*** STORED DATA Section Begins ***
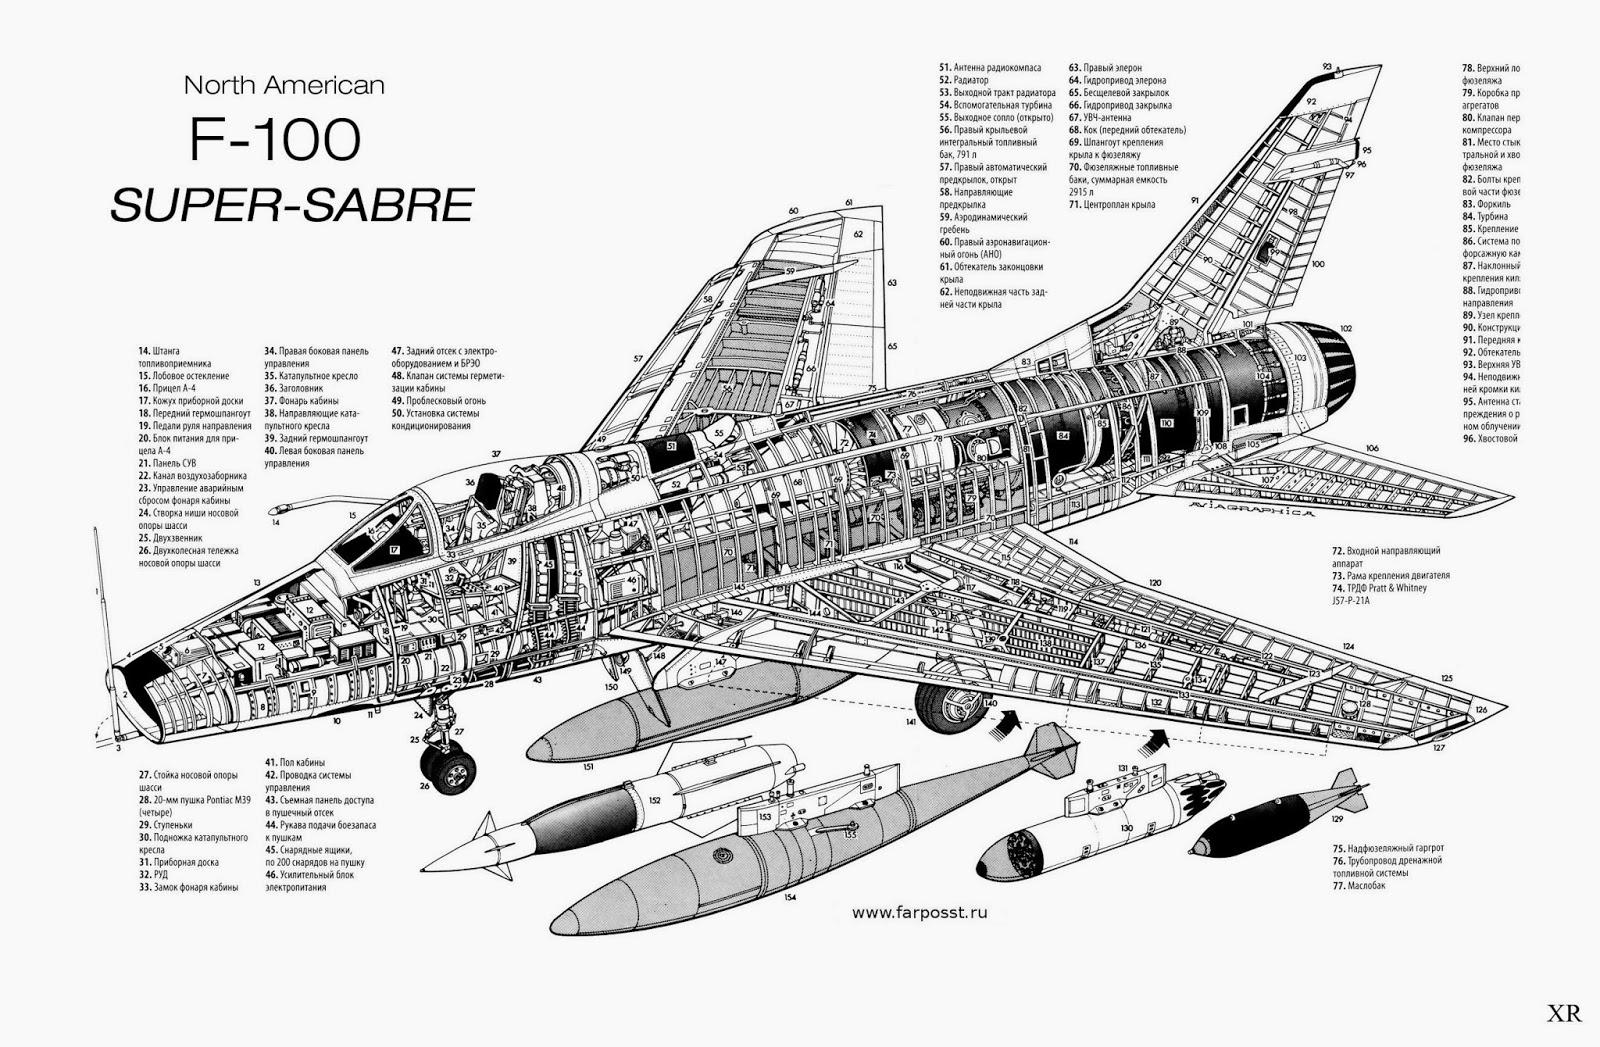 First New Super Aircraft Carrier Will
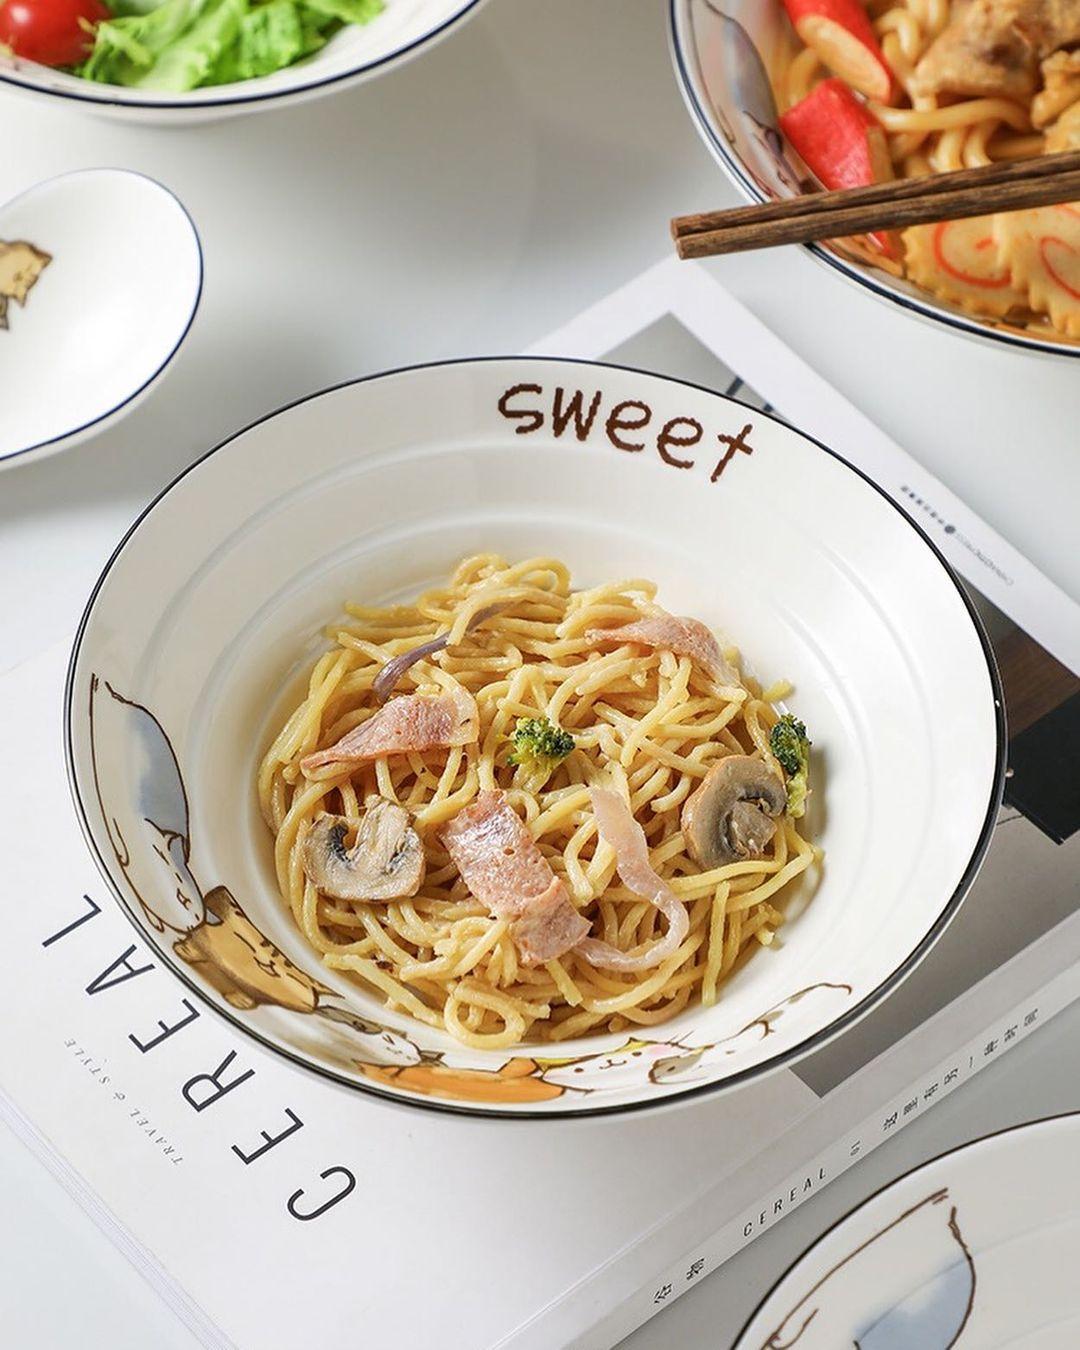 Bắt chước Rosé sắm bát thật xinh để bữa ăn nào cũng ngon lành nịnh mắt - Ảnh 5.
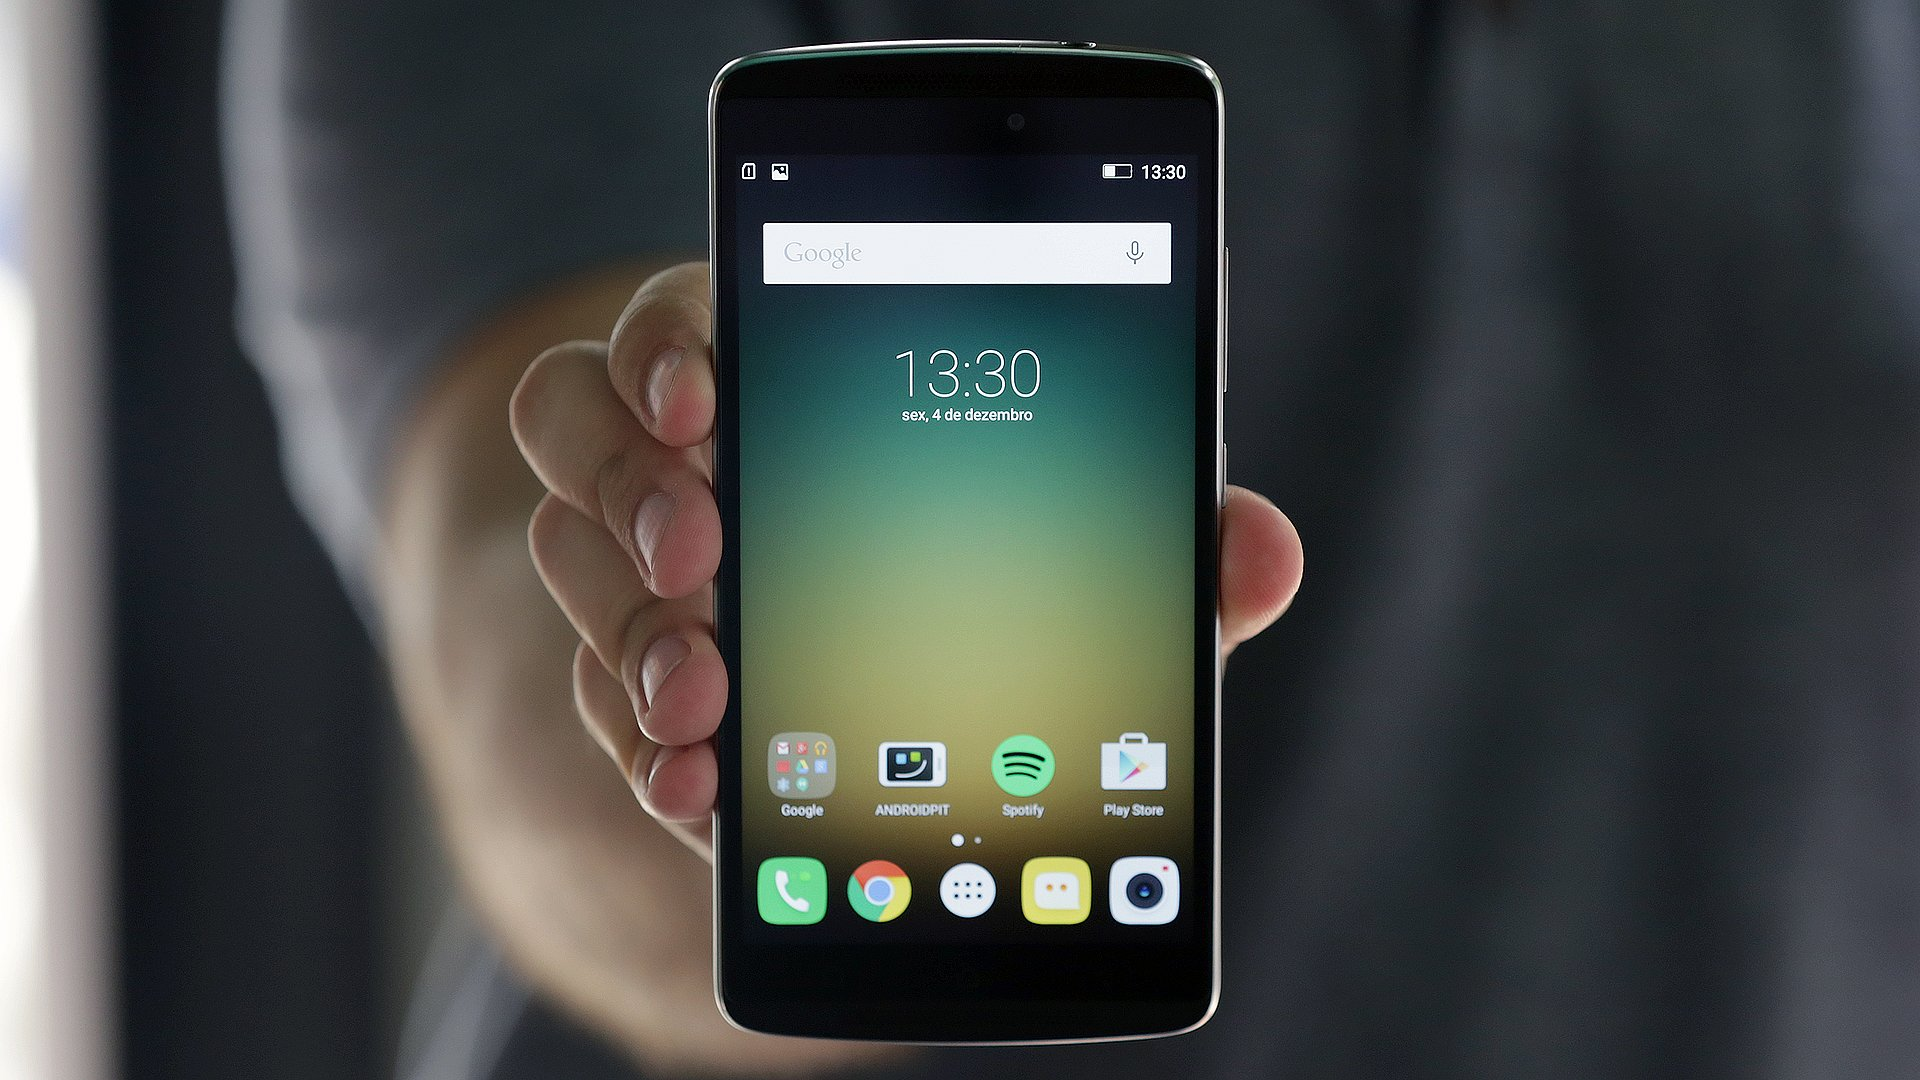 7d81100c00e 5 melhores dicas e truques para o Lenovo Vibe A7010 | AndroidPIT
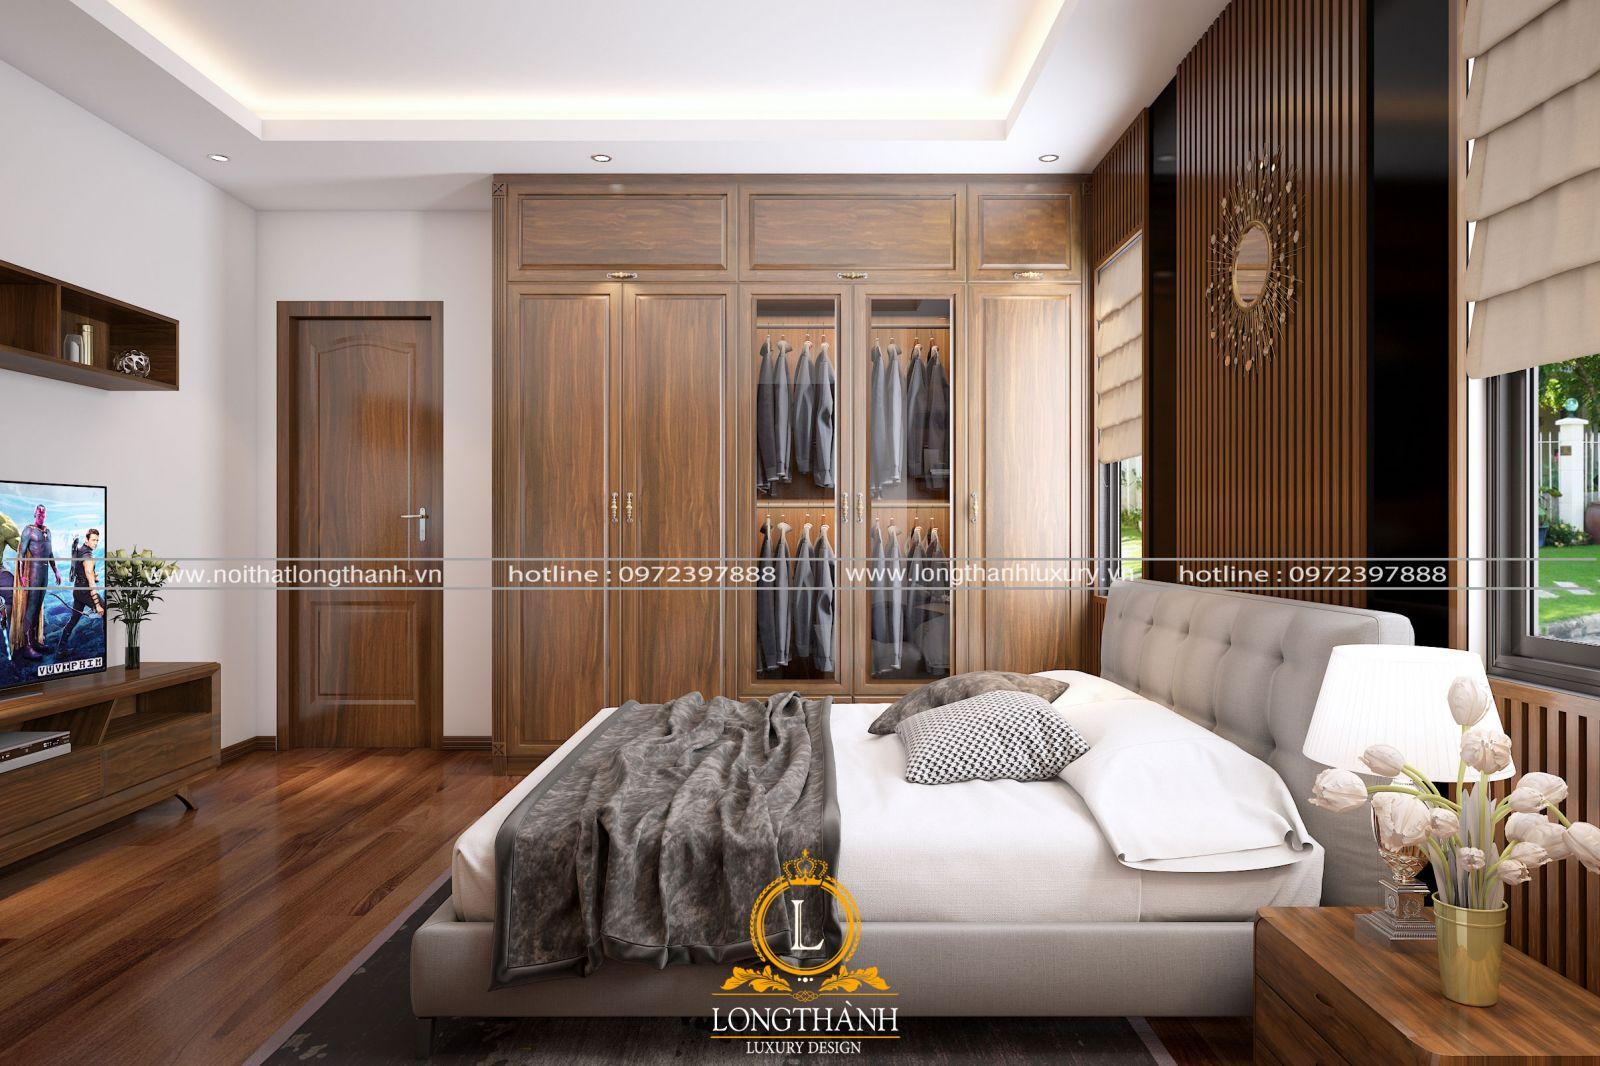 Nội thất phòng ngủ sử dụng hoàn toàn gỗ tự nhiên
*** STORED DATA Section Ends ***
Print the listing verbatim; no pictures.

*RESPONSE AREA*.
 First New Super Aircraft Carrier Will
 Bắt chước Rosé sắm bát thật xinh để bữa ăn nào cũng ngon lành nịnh mắt - Ảnh 5.
 7d81100c00e 5 melhores dicas e truques para o Lenovo Vibe A7010 | AndroidPIT
 Nội thất phòng ngủ sử dụng hoàn toàn gỗ tự nhiên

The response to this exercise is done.